Google explains why YouTube recently broke Gmail

Google explains why YouTube recently broke Gmail

Google says a bug in the automated quota management system that affected Google ‘s User ID Service is the global authentication system that affected most of Monday’ s consumer chain.

This worldwide system failure prevented users from logging into their accounts and authenticating to all Cloud services.

As a direct result, users were unable to access Gmail, YouTube, Google Drive, Google Maps, Google Calendar, and several other Google services for nearly an hour on Monday, December 14th.

On the go, users were unable to send emails via Gmail mobile apps or receive email via POP3 for desktop messages, while YouTube visitors saw error messages say “There was a problem with the server (503) – Tap on Return.”

Outcome impact and root cause

“On Monday, December 14, 2020 from 03:46 to 04:33 US / Pacific, credit distribution and account metadata failed for all Google user accounts,” Google explained. “As a result, we were unable to verify that user requests were validated and catered for 5xx errors on almost all verified traffic.

“Most proven services had a similar control plane effect: increased error rates across all Google Cloud Platforms and Google Workspace APIs and Consoles.”

The main reason behind the exit was a reduction in capacity for Google’s main identity management system due to a bug affecting the automated quota management system.

This caused issues in verifying that Google user requests were verified, and as a result errors were displayed on all authentication attempts.

Error messages during the trip
Error messages during the trip

Global identity management system

Google’s User ID Service, which has been at the heart of Google’s flagship since Monday, stores unique identifiers for all Google accounts and manages authentication credentials for both OAuth tokens and cookies.

It also stores user account data in a distributed database, which uses Paxos protocols to coordinate updates at the time of verification.

Because the User ID Service service rejects requests when old-fashioned data is found for security reasons, not all Google-facing services facing users who require Google OAuth access were available. after the service starts things off and starts issuing old-fashioned identities.

“Google uses an evolving set of automation tools to allocate a quota of different resources to manage services,” the company said in a journal summary report published today.

“As part of the ongoing migration of the User ID Service to a new quota system, a change was made in October to register the User ID Service with the new quota system, but parts of the previous quota system have been abandoned. instead reported a false statement. used for the Service User ID as 0.
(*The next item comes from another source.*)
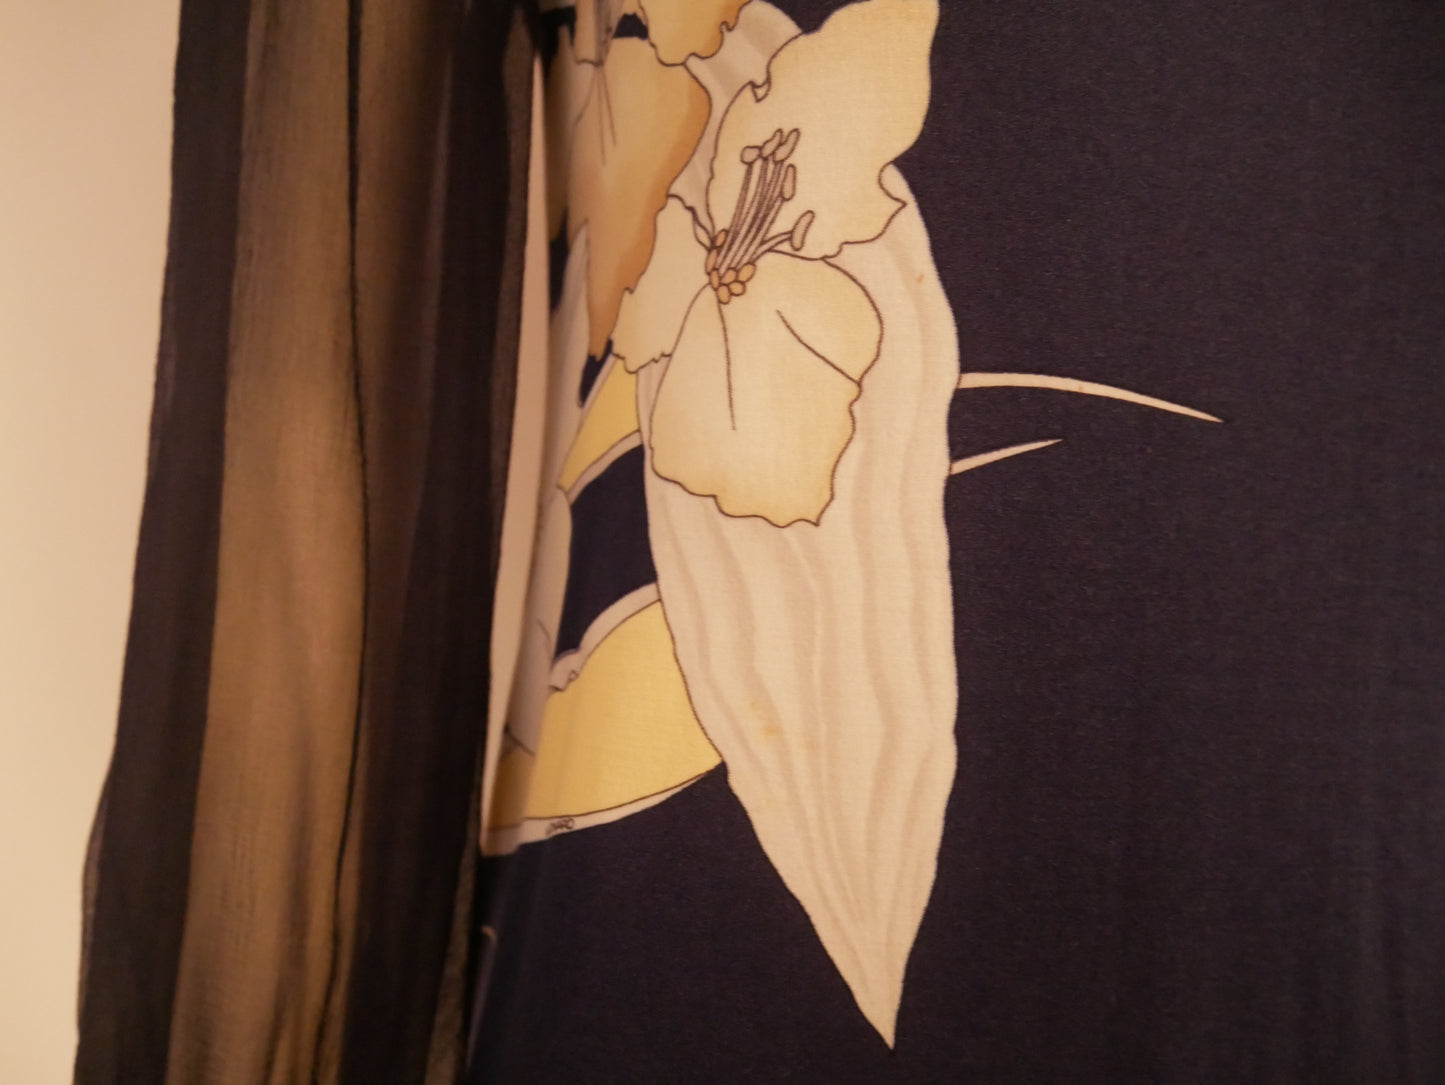 Leonard vintage cocktail dress in navy blue silk jersey with beige flowers - M - 1970s

“A period of grace over the implementation of quota restrictions delayed the impact, which eventually came to an end, introducing automated quota systems to exceed the quota allowed for ID service. to reduce user experience and promote this event. “

Although safety checks are set up to prevent unplanned quota changes, they have not been able to properly address the situation where zero loads were reported on a single service.

“As a result, the quota for the account database was reduced, which prevented the Paxos director from writing,” Google said. “Shortly afterwards, most of the reading works went out of date and as a result there were errors in looking for proof.”

Google said this massive outage also affected users and devices within the company, causing delays during the outage review and reporting on status updates.

Gmail affected by a second break within one day

Gage suffered a second outage for about 7 hours in total after the authentication issues were resolved Monday, a breach that affected a subset of Gmail users who had mail- delivery issues. d.

“The error message indicated that the email address did not exist, and as a result, the affected emails were never delivered,” Google said in another report published today. “Affected senders may have received a kick email created by a medium SMTP service.”

“In some cases, the full SMTP error message was called in the kick email. The behavior of these messages depended on the external SMTP messages connecting to the Google SMTP service.”

The reason for this second move was a continuous migration to update the default configuration system of Gmail SMTP access service.

“Configuration change during this migration shifted the service option format behavior until it incorrectly provided an invalid domain name, instead of the intended ‘gmail.com’ domain name, to Google ‘s built – in SMTP service,” said Google.

As a result, the service incorrectly changed the address of certain e-mail addresses that ended up in “@ gmail.com” to non-existent e-mail addresses.

“When Gmail’s user account service checked all of the non-existent email addresses, the service was unable to find a valid user, resulting in SMTP error code 550.”